The Pooled Resource Open‐Access ALS Clinical Trials (PRO‐ACT) database is a robust resource of open‐access data relating to clinical outcomes in ALS, 6 offering a potential source for external controls in analyses of ALS clinical trial data. PRO‐ACT is the largest ALS clinical trials database in existence, incorporating anonymized longitudinal data from 11,675 participants in 29 Phase 2 and 3 ALS clinical trials. 6 , 7 To estimate the treatment effect of PB and TURSO on survival in the absence of placebo‐to‐active crossover, we performed a post hoc survival analysis comparing PB and TURSO‐randomized participants from CENTAUR (hereafter referred to as ‘CENTAUR PB and TURSO group’) and a matched external PB and TURSO‐naïve cohort from the PRO‐ACT database (hereafter referred to as ‘PRO‐ACT external control group’).
Methods
Analysis cohorts
During the conduct of the CENTAUR trial, eligible participants were in the randomized phase from June 2017 to September 2019 and in the OLE phase from March 2018 to March 2021. CENTAUR trial eligibility criteria allowed for the stable use of riluzole and edaravone before and during the trial. Survival results for the CENTAUR PB and TURSO group in this analysis were obtained from the aforementioned ITT analysis, the methods of which have been previously described. 2 , 8 Vital status was ascertained as of March 2021 for all but one participant in the CENTAUR PB and TURSO group, who was censored at the date of last contact. 2
Data from the PRO‐ACT database that were used in the preparation of this article have been volunteered by PRO‐ACT Consortium members.
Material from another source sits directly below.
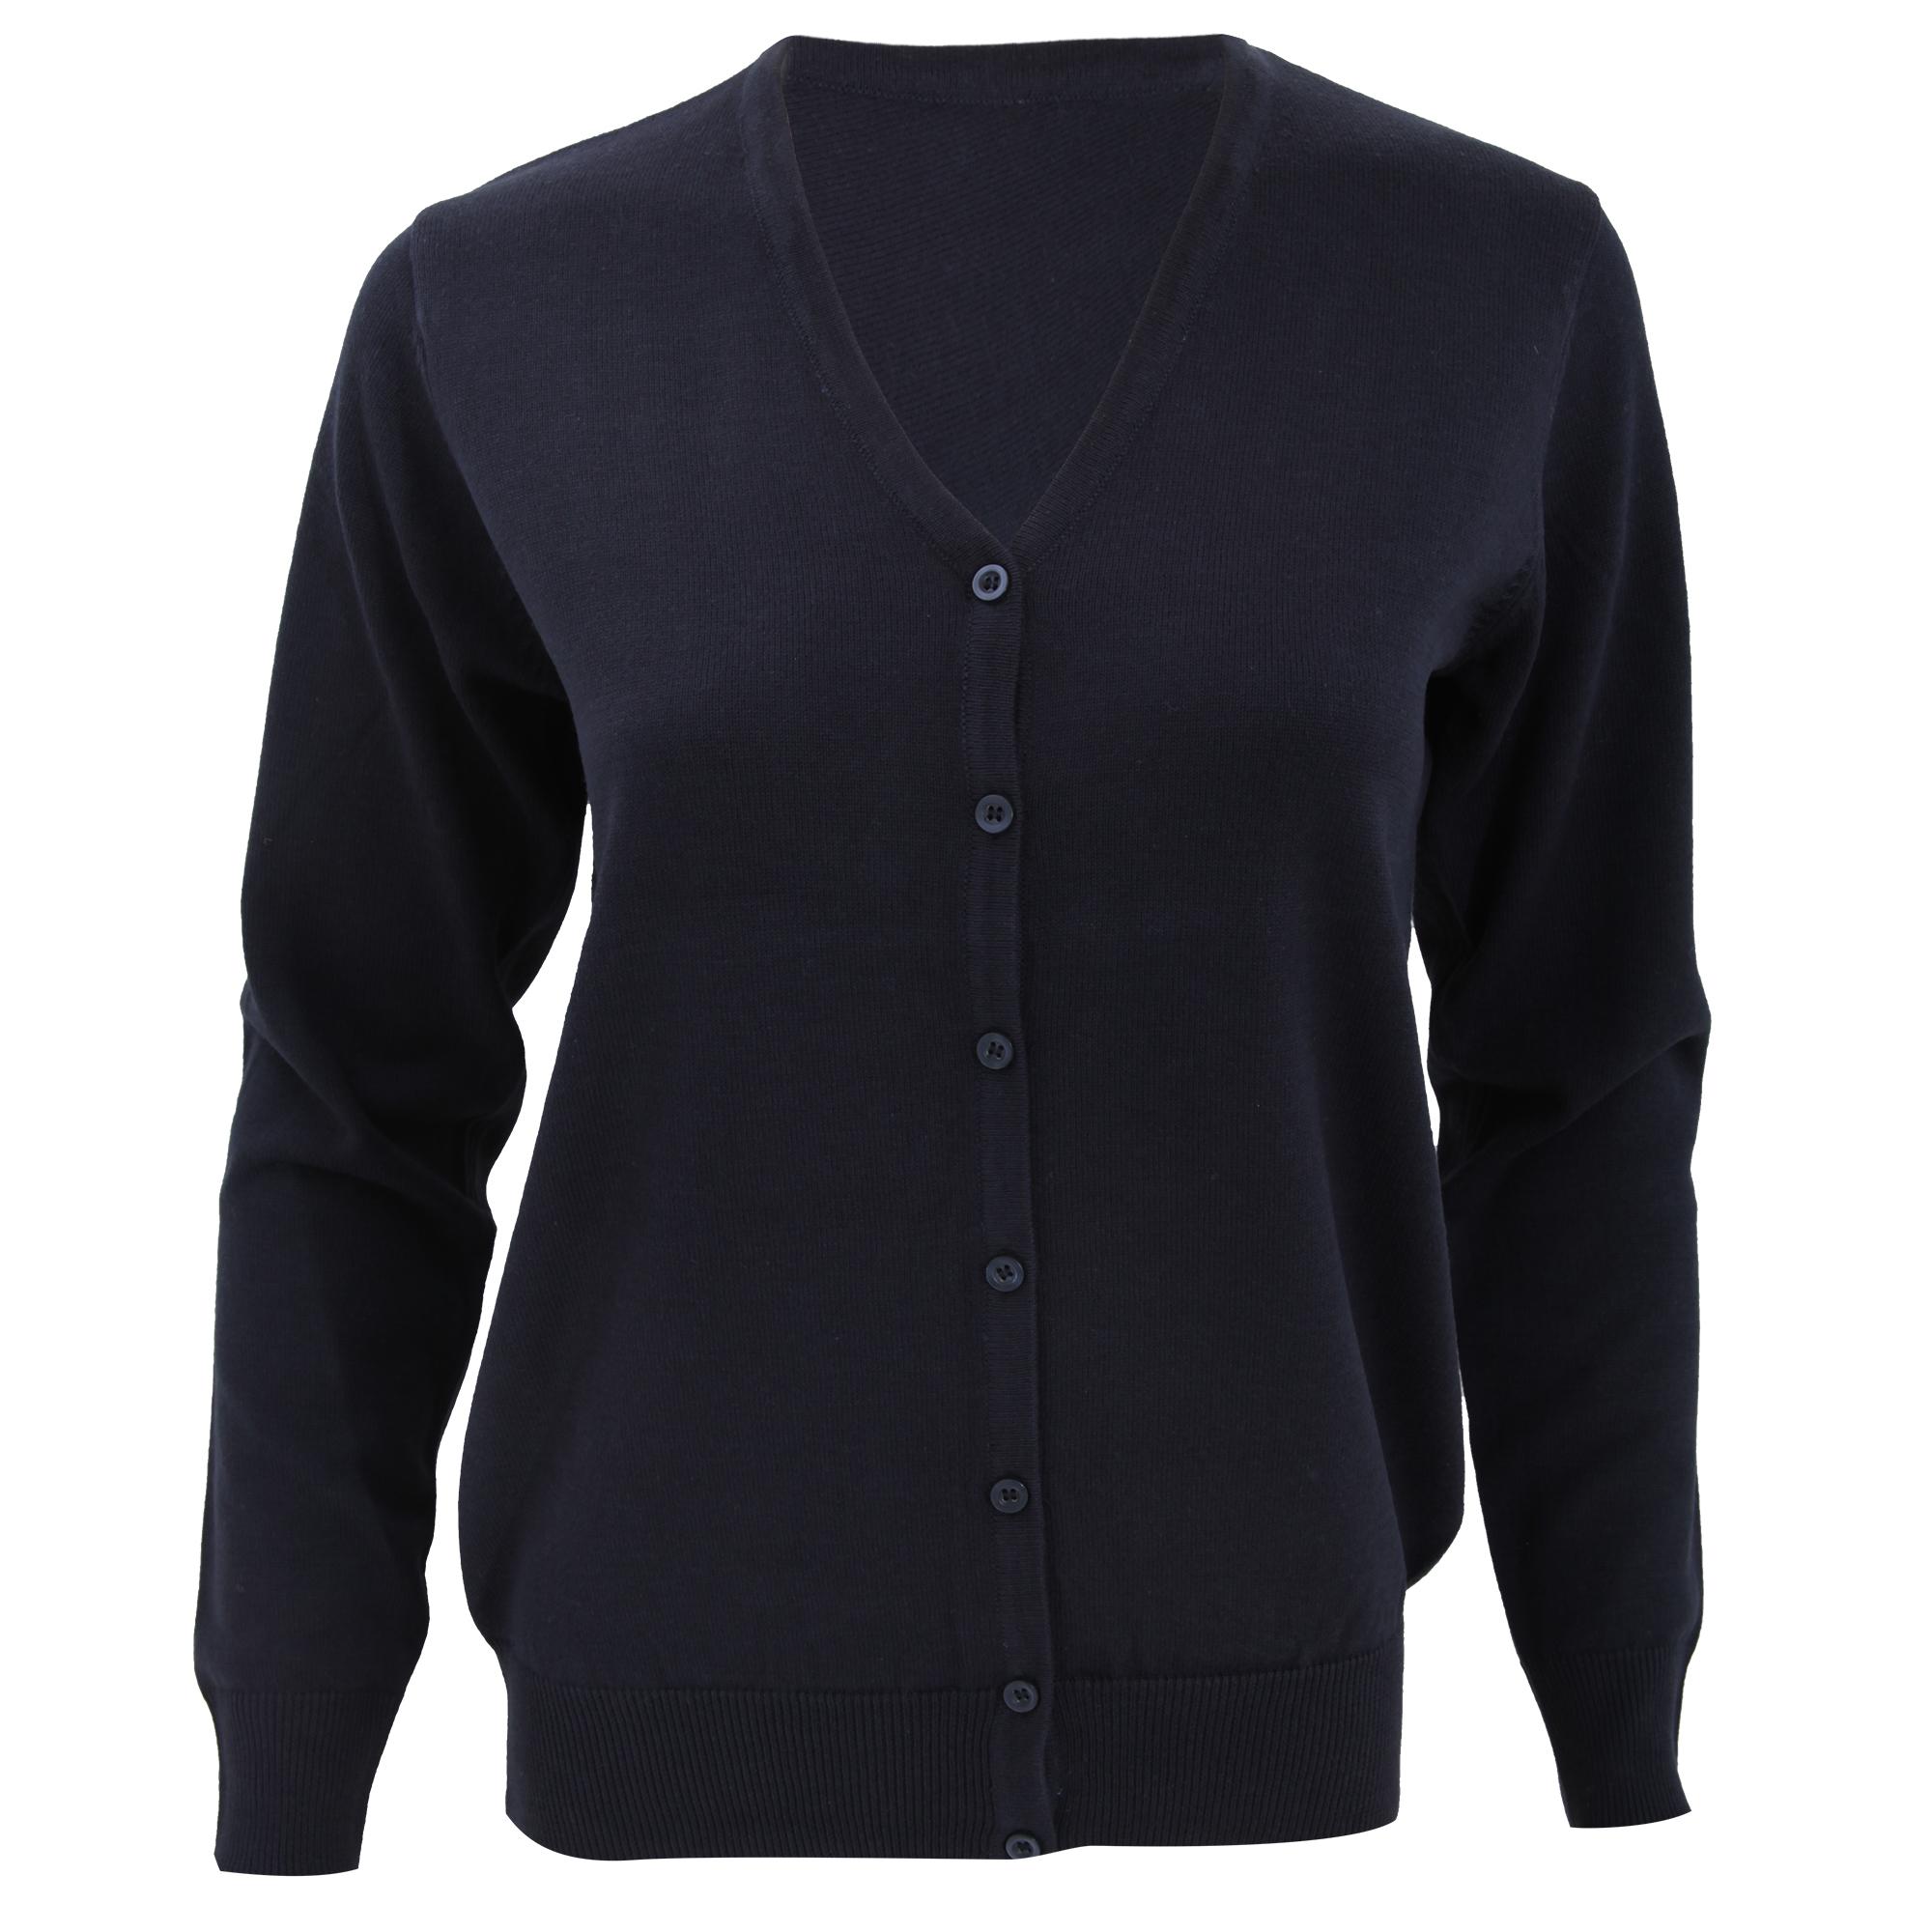 Kustom Kit Womens V-Neck Cardigan / Ladies Knitwear (6) (Navy Blue)

The process for constructing the PRO‐ACT external control group is schematically summarized in Figure 1. Data for this analysis were downloaded from the PRO‐ACT website (www.alsdatabase.org) and comprise the latest version of the data set from August 2022. These clinical trials took place over a period of 25 years, from 1994 to 2019. The external control group was constructed from the full analysis set consisting of clinical trial participants from the PRO‐ACT database who were control participants in their respective trials, had baseline and at least one post‐baseline Amyotrophic Lateral Sclerosis Functional Rating Scale‐Revised (ALSFRS‐R) total scores recorded, had known mortality information, and met major eligibility criteria from CENTAUR, including age of 18–80 years, diagnosis of definite ALS based on revised El Escorial criteria, 9 duration of ≤18 months since symptom onset, and a forced or slow vital capacity >60% of predicted value at screening.
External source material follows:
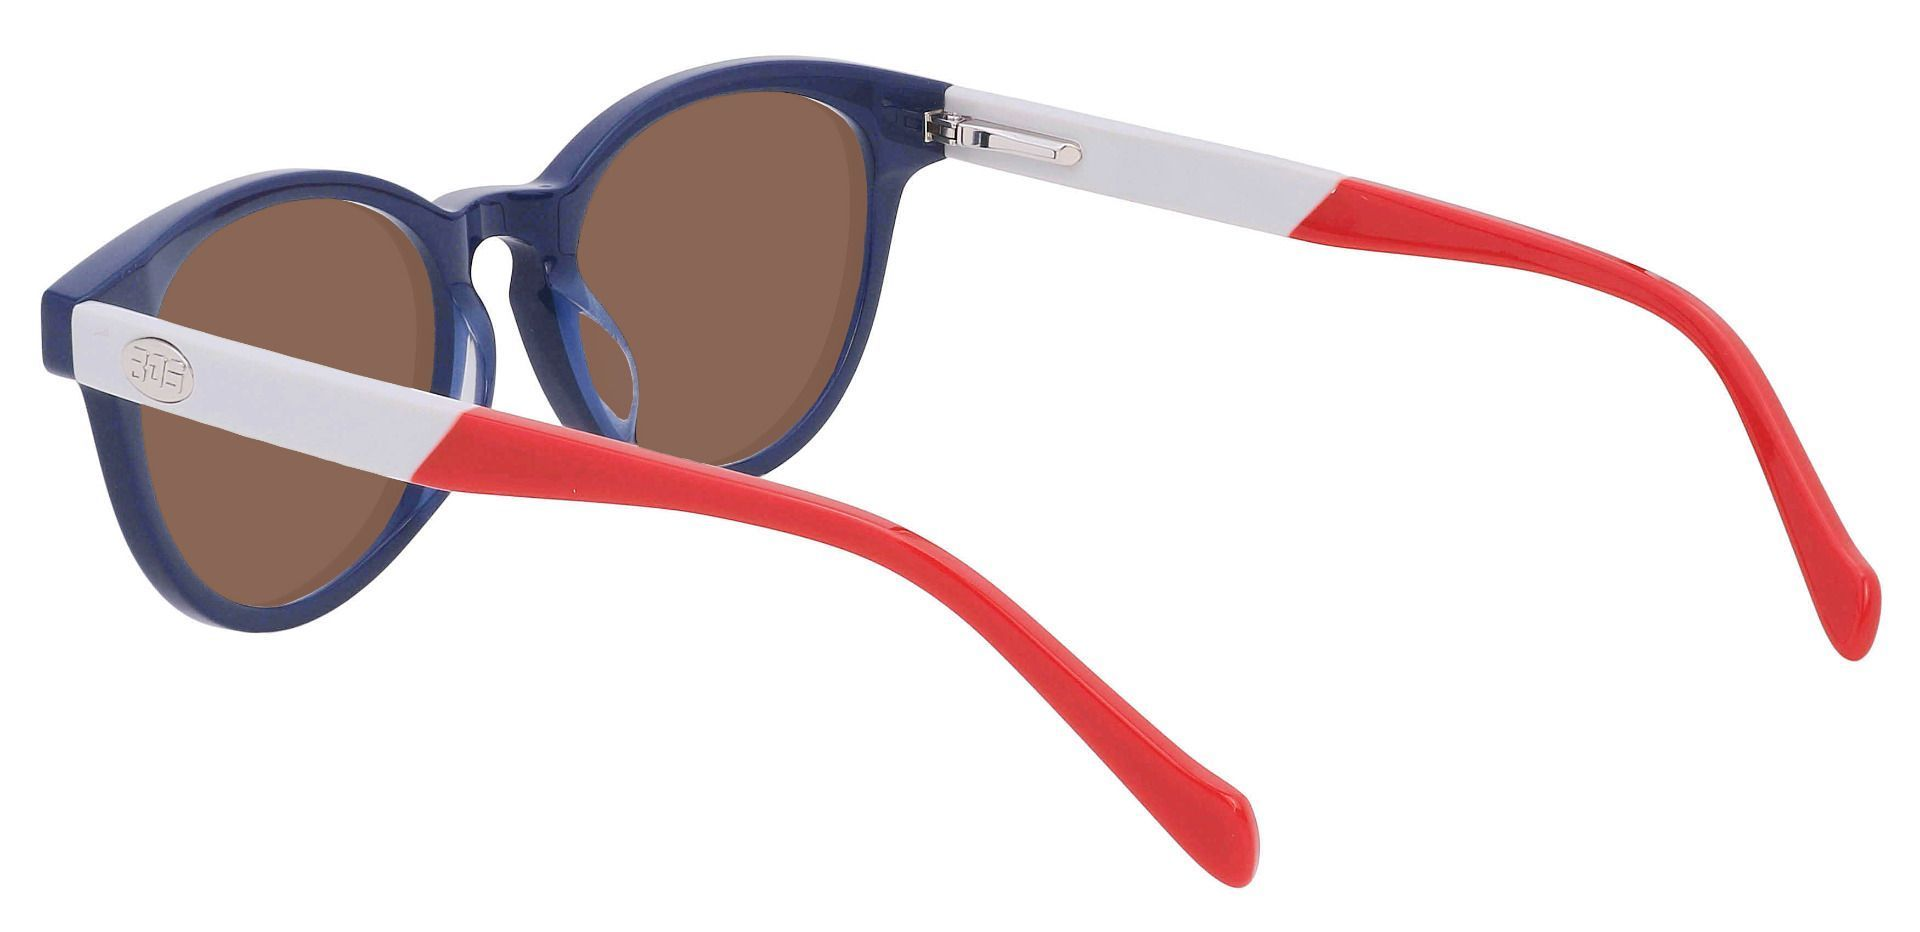 Revere Oval Prescription Sunglasses - Blue Frame With Brown Lenses

To account for potential imbalance in baseline participant characteristics and other variables across trials, 10 , 11 the CENTAUR PB and TURSO group and the PRO‐ACT external control group were propensity score matched adjusting for baseline covariates of known prognostic significance in ALS, including time since symptom onset 12 ; pre‐baseline ALSFRS‐R slope, defined as the rate of change in ALSFRS‐R total score from symptom onset to study baseline 13 ; and vital capacity 14 and age 12 at study baseline. Propensity score matching was conducted in a 1:1 ratio using a prespecified caliper width of 0.4 of the standard deviation of the logit of the propensity score. 15
Standard protocol approvals, registrations, and participant consents
The clinical study protocol for CENTAUR was approved by a central institutional review board (the Partners Human Research Committee) for all trial sites, and participants provided written informed consent before entering each trial phase. 1 The CENTAUR trial was registered with ClinicalTrials.gov (randomized phase: NCT03127514; OLE phase: NCT03488524). For all trials that generated the data included in PRO‐ACT, trial protocols were approved by the participating medical centers, and all participants gave informed consent. Data from these trials were provided to PRO‐ACT for research purposes only and under explicit conditions that all users of the data would maintain participants' anonymity. In cases where donated data were not already anonymized when submitted to PRO‐ACT, the data were anonymized by the bioinformatics team at the Neurological Clinical Research Institute (NCRI) of the Massachusetts General Hospital following the Health Insurance Portability and Accountability Act anonymization conventions prior to becoming public. 7 All data in the PRO‐ACT database are de‐identified; therefore, it was not possible to locate participants and obtain consent again for this analysis.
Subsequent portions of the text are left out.